Increased risk of multiple metastases and worse overall survival of metastatic pancreatic body and tail cancer: a retrospective cohort study.

BACKGROUND

Pancreatic cancer (PC) is a lethal disease, especially metastatic PC. And it can be divided into two types: head pancreatic cancer (H-PC) and body and tail pancreatic cancer (BT-PC). Prior studies have proved that they have different overall survival (OS) and should be regarded as two different categories of PC. At present, there remains a gap in the field regarding OS across different primary tumor locations and metastatic sites, as well as the metastatic patterns associated with various primary tumor locations in patients with metastatic PC. Thus, our study aims to address this gap by analyzing data from a large population sourced from the Surveillance, Epidemiology, and End Results (SEER) database. The different prognosis of different primary tumor locations and metastatic sites may indicate that different primary locations and metastatic sites may require different therapy and follow-up strategy. It is hoped that these findings will lay the groundwork for future guideline updates and related research.

METHODS

Patients with pathologically confirmed stage IV metastatic PC from the National Cancer Institute's SEER program between 2010 and 2015 were included, excluding patients with various tumors, without specifying age, specific sites of metastasis, or OS. Data including age, race, gender, tumor size, T stage, N stage, grade, sites, number of metastatic sites, surgery, radiotherapy, chemotherapy and years of diagnoses were collected from the SEER database. OS was defined as the period from initial diagnosis to the date of death.
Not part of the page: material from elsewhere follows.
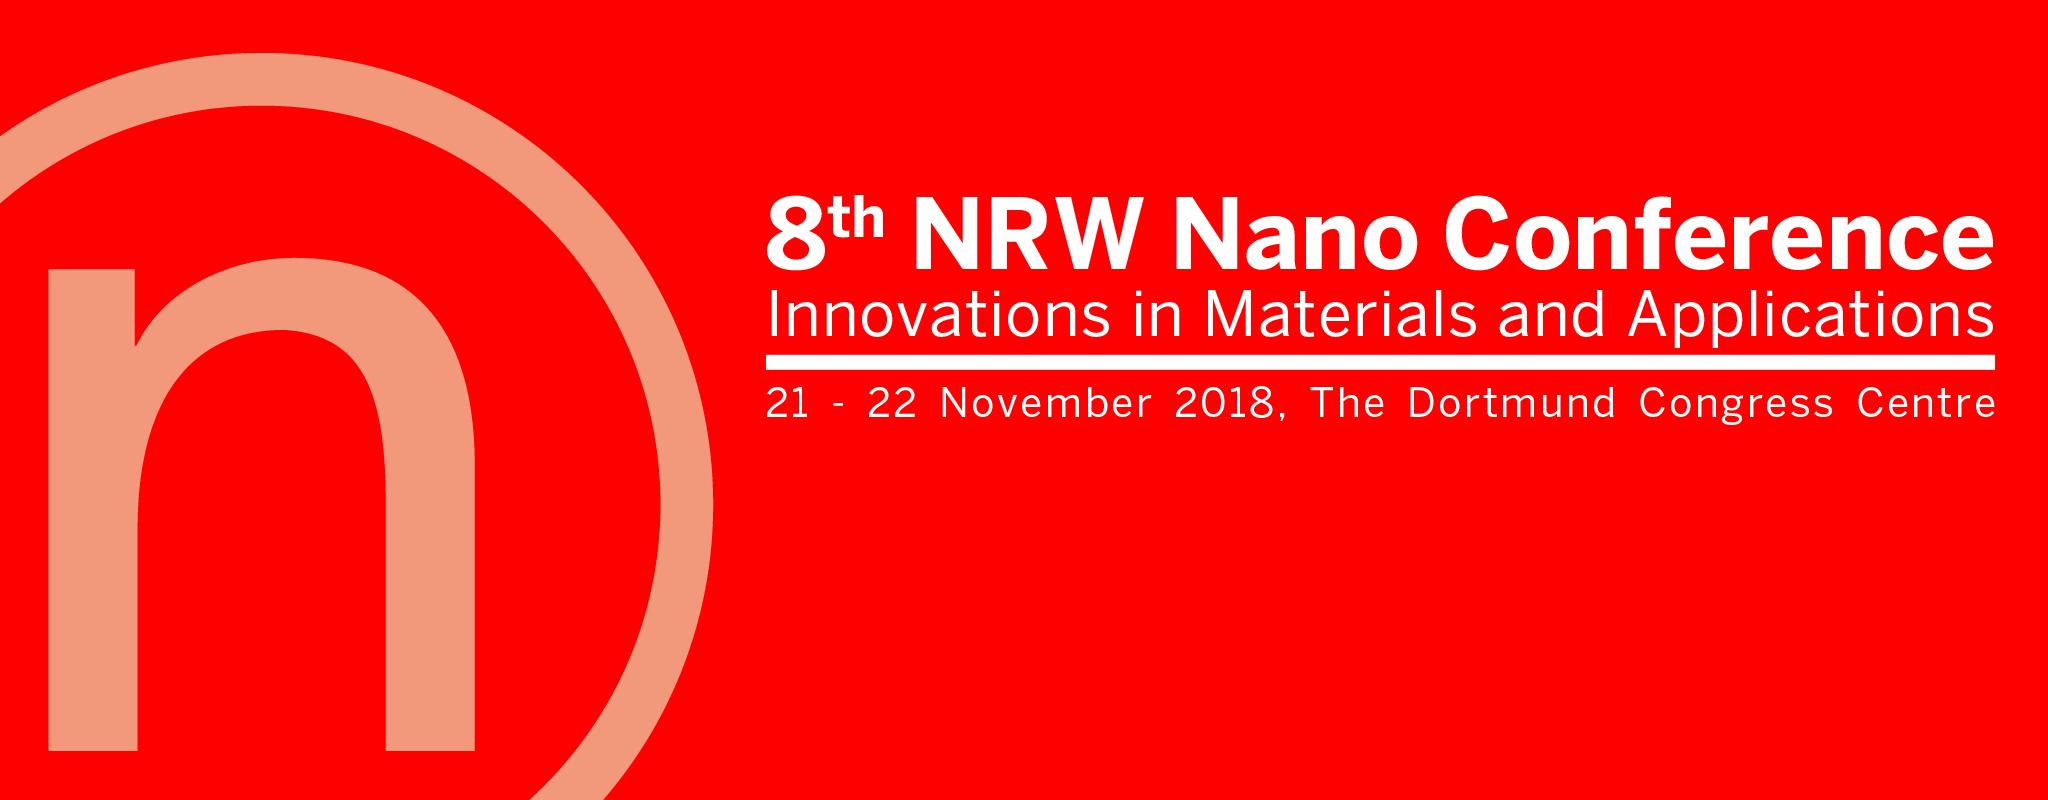 8th Nano Conference

Specific metastatic sites for the different primary locations of tumor were compared. Survival was analyzed by Cox regression analyses.

RESULTS

Overall, 14,406 patients with metastatic PC were included in this research (7,104 of H-PC and 7,302 of BT-PC). Gender proportion, tumor size, T stage, N stage, number of metastatic sites surgery of the primary lesions and radiotherapy were different between BT-PC and H-PC. The proportion of only 1 metastatic site was 68.3% in H-PC compared with 58.3% in the BT-PC. The BT-PC was an independent risk factor for liver metastases compared with the H-PC [odds ratio (OR) =1.510; 95% confidence interval (CI): 1.320-1.727]. No matter for those with multiple metastases, or for those with solitary liver or lung metastases, patients with metastatic H-PC showed better OS (P<0.001, P=0.001, P=0.04, respectively). In patients with solitary liver metastases, worse OS was observed in the BT-PC than the H-PC [hazard ratio (HR) =1.109; 95% CI: 1.046-1.175].

CONCLUSIONS

The metastatic BT-PC had worse OS and increased risk to suffer from liver and multiple metastases. Moreover, in patients with solitary metastases, those with liver metastases presented poorest survival.